Though sharing with many commonalities, one of the major differences between conventional high-altitude airborne remote sensing and low-altitude unmanned aerial system (UAS) based remote sensing is that the latter one has much smaller ground footprint for each image shot. To cover the same area on the ground, it requires the low-altitude UASbased platform to take many highly-overlapped images to produce a good mosaic, instead of just one or a few image shots by the high-altitude aerial platform. Such an UAS flight usually takes 10 to 30 minutes or even longer to complete; environmental lighting change during this time span cannot be ignored especially when spectral variations of various parts of a field are of interests.

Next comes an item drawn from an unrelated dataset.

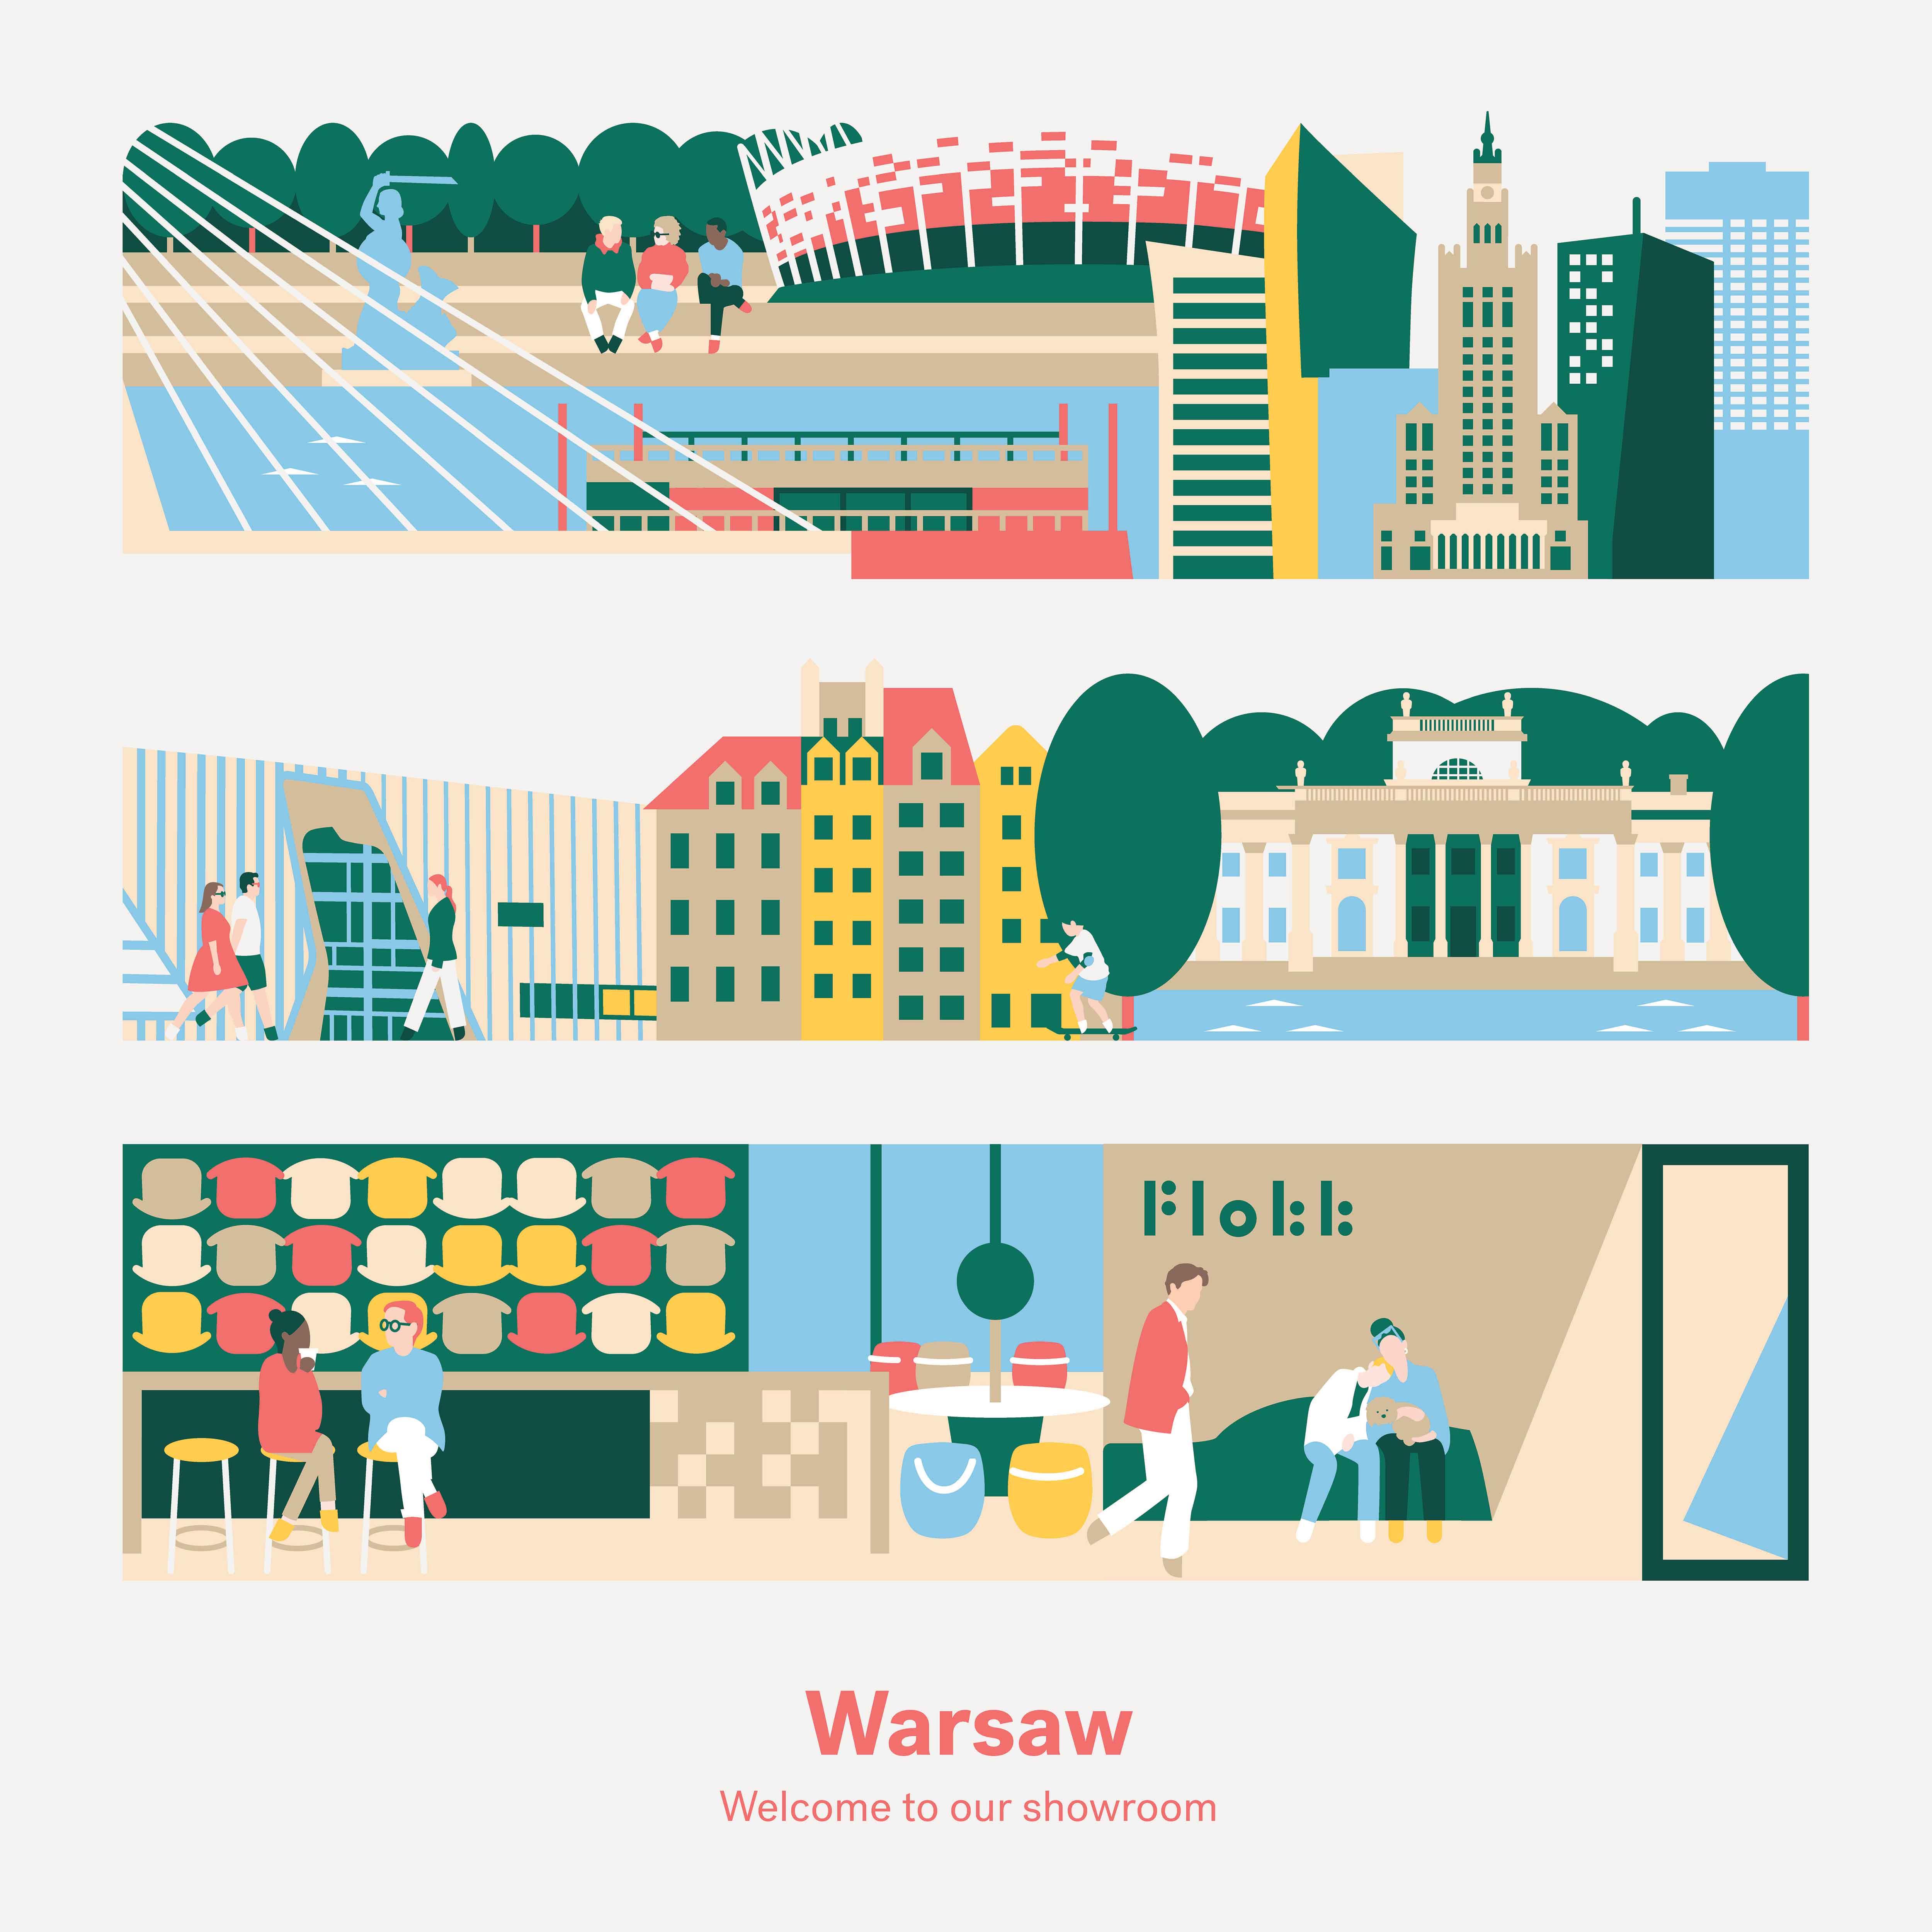 FLOKK_Warsaw_small
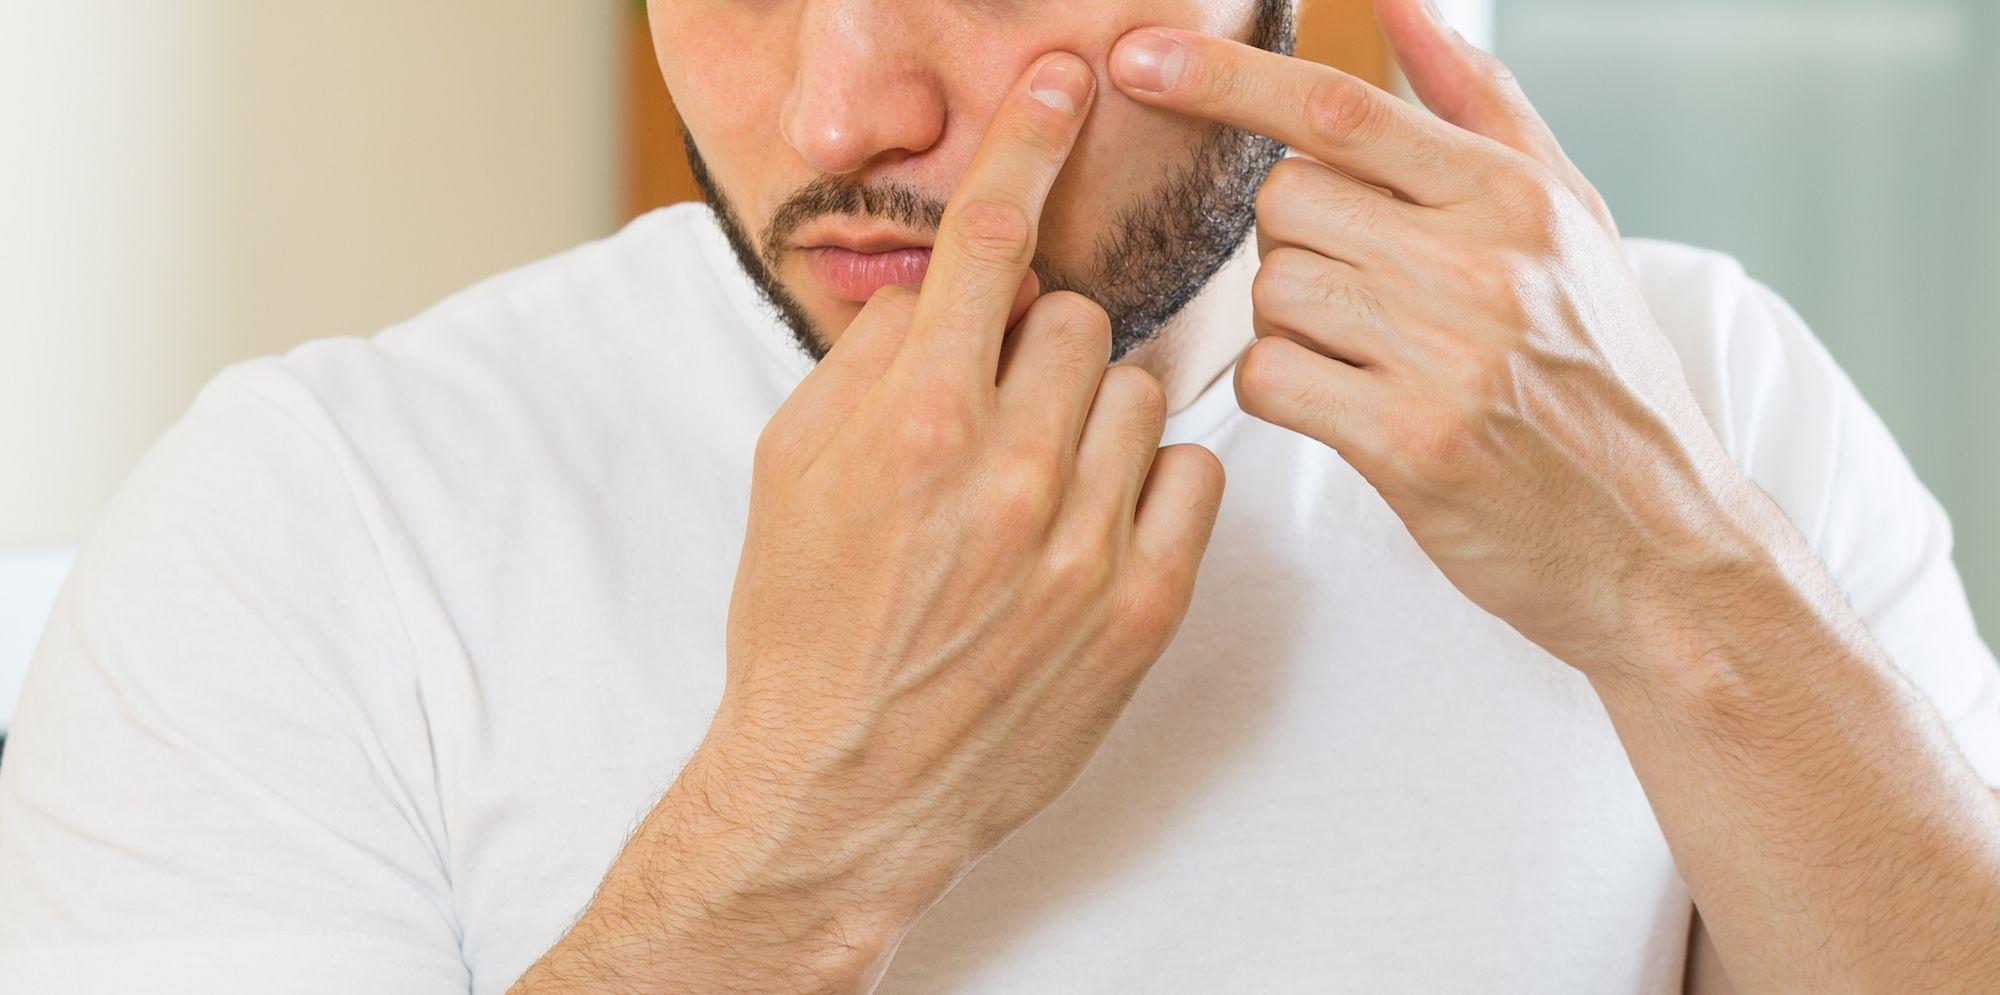 This Neck Pimple Packs a Big Pop

In this case study, we compared the visible reflectance of two aerial imagery – one generated from mosaicked UAS images, the other generated from a single image taken by a manned aircraft – over the same agricultural field to quantitatively evaluate their spectral variations caused by the different data acquisition strategies. Specifically, we (1) developed our customized ground calibration points (GCPs) and an associated radiometric calibration method for UAS data processing based on camera’s sensitivity characteristics; (2) developed a basic comparison method for radiometrically calibrated data from the two aerial platforms based on regions of interests. We see this study as a starting point for a series of following studies to understand the environmental influence on UAS data and investigate the solutions to minimize such influence to ensure data quality.

Paper Details

Date Published: 19 May 2017
PDF: 6 pages
Proc. SPIE 10218, Autonomous Air and Ground Sensing Systems for Agricultural Optimization and Phenotyping II, 102180B (19 May 2017); doi: 10.1117/12.2263506
Show Author Affiliations
Yeyin Shi, Univ. of Nebraska-Lincoln (United States)
J. Alex Thomasson, Texas A&M Univ. (United States)
Chenghai Yang, USDA-ARS (United States)
Dale Cope, Texas A&M Univ. (United States)
Chao Sima, Texas A&M Univ. (United States)


Published in SPIE Proceedings Vol. 10218:
Autonomous Air and Ground Sensing Systems for Agricultural Optimization and Phenotyping II
J. Alex Thomasson; Mac McKee; Robert J. Moorhead, Editor(s)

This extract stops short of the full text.